Traditional chip development flow is on the left – where software bringup is done on the silicon after design verification is complete. In a shift-left development flow, the timeline is shortened by introducing a virtual platform to the process, as shown on the right-hand side, enabling software bringup to be part of the design verification.

It helps to run the software as part of the design verification. The timeline below shows that in the traditional flow, the product is shipped after sequential steps like verification, tape-out, software run, etc. However, in the virtual platform (SW-Enhanced) SoC Flow, an abstract model is introduced early on to let us do some software development earlier. The dependency is also very much on the hardware development to bring in a virtual platform of the final model early enough to provide value.

Similarly, while emulators and FPGA prototypes can be used to run software before tapeout without any new requirement to build a virtual platform, both require a complete design before they can run much in the way of software. A hybrid combines the early availability values of the virtual platform with the low overhead values of emulation and FPGA prototyping.

To build our hybrid, we start with an abstract model and incrementally make it more detailed as the design progresses. Eventually, we may bring in the emulators and prototypes to provide more detail at the highest possible performance. This hybrid process allows us to execute continuous validation as we incrementally bring up our system, incorporating new components as they are developed and integrated into the platform.

When is a Hybrid Approach Applicable 

The virtual platform is available early in the process and allows a focus on the correctness of OS and middleware but may not give you the necessary level of performance accuracy. Additionally, pure virtual platforms often don't address the SoC level integration and verification very well because they tend to be abstract models, not the detailed RTL you're trying to verify. Emulators and the prototypes provide entirely accurate platforms as the use the RTL but may not show the performance needed for OS and middleware, especially in large processor environments.

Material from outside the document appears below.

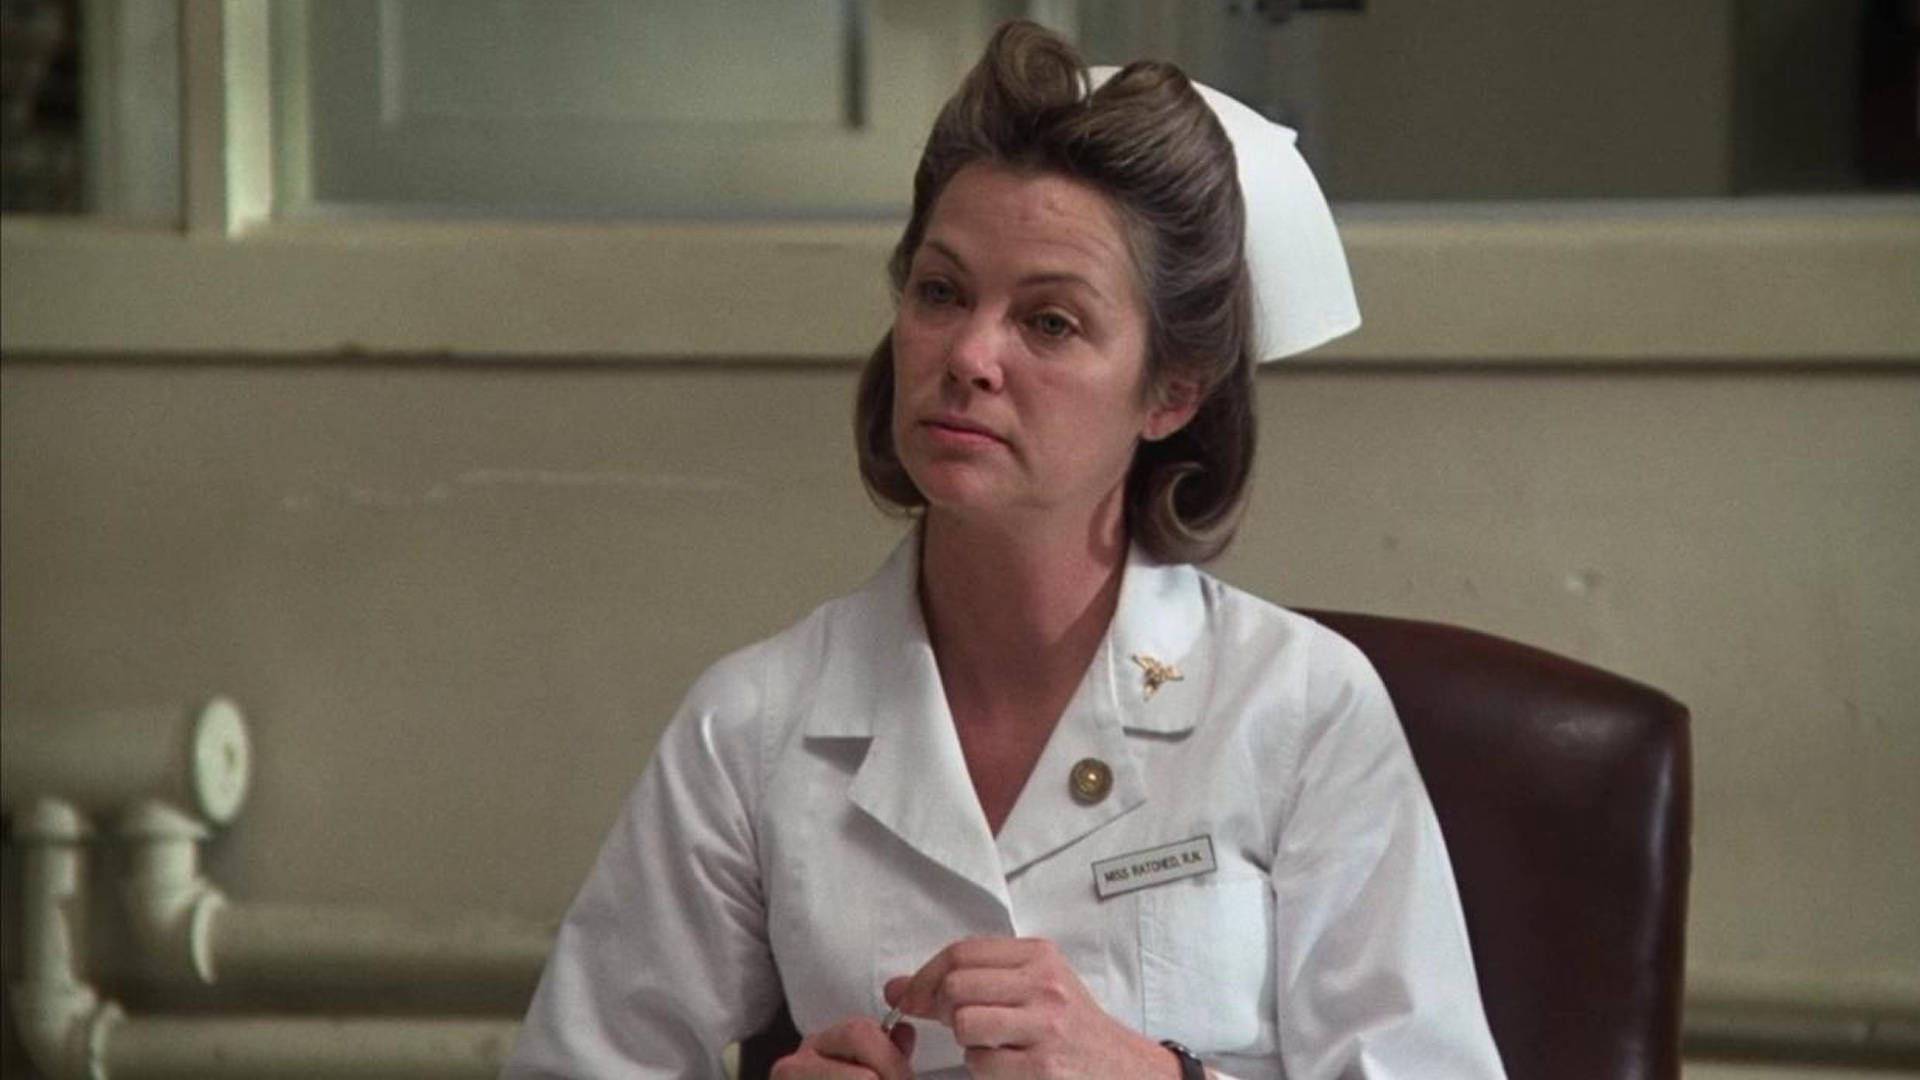 Nurse Ratched in her iconic white uniform Wallpaper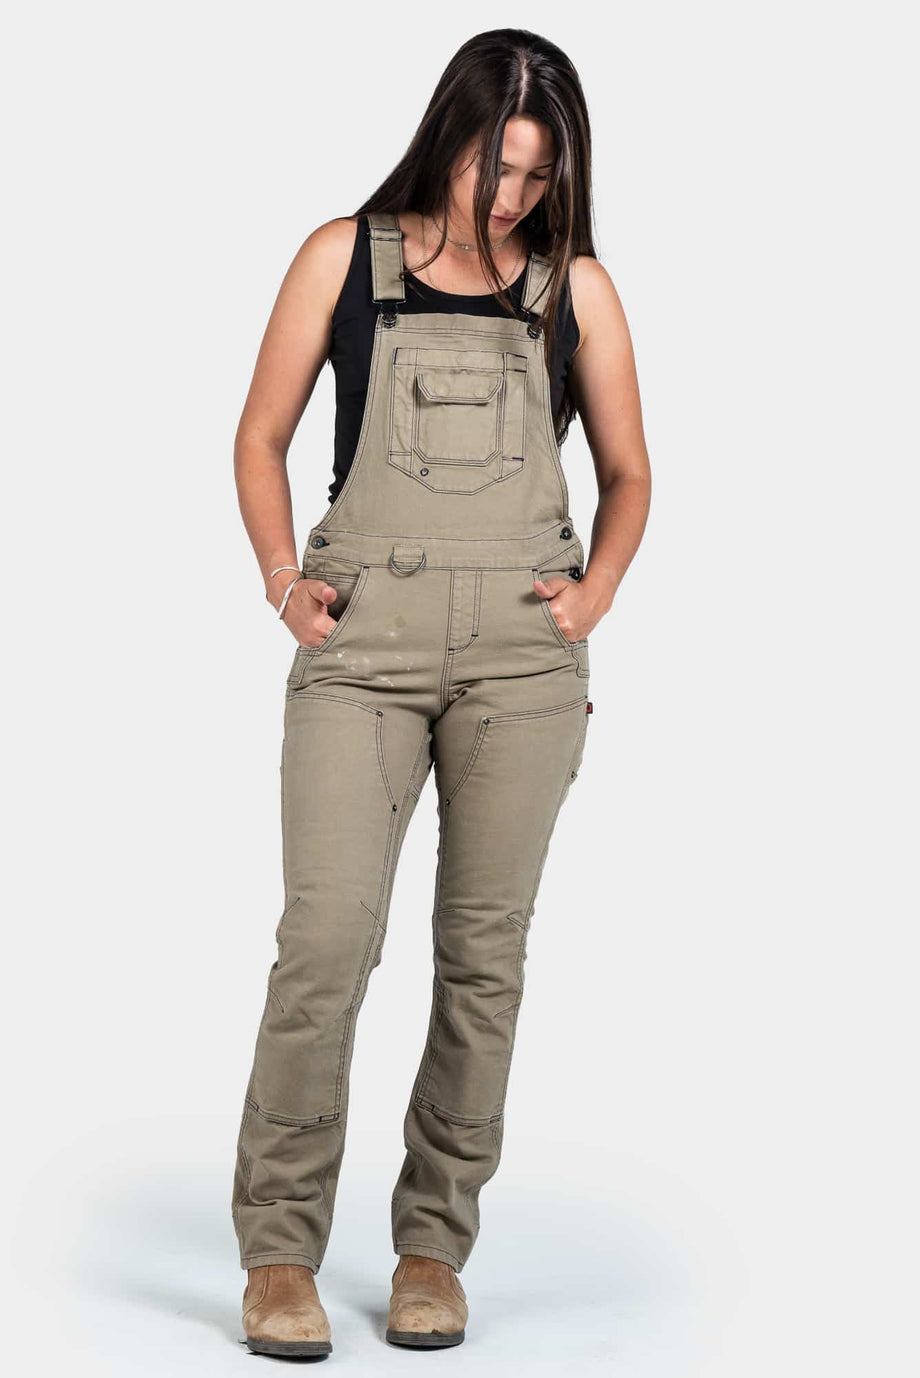 Dovetail Limited Edition Freshley Overalls Natural Canvas

Combining these two into a hybrid platform can address a complete software stack with enough detail for firmware and drivers and performance of OS and applications. One challenge is the apparent cyclic dependency of the virtual platform needing a final design while the final design is not complete until after the verification, which requires the virtual platform. This is addressed by the incremental software-driven methodology.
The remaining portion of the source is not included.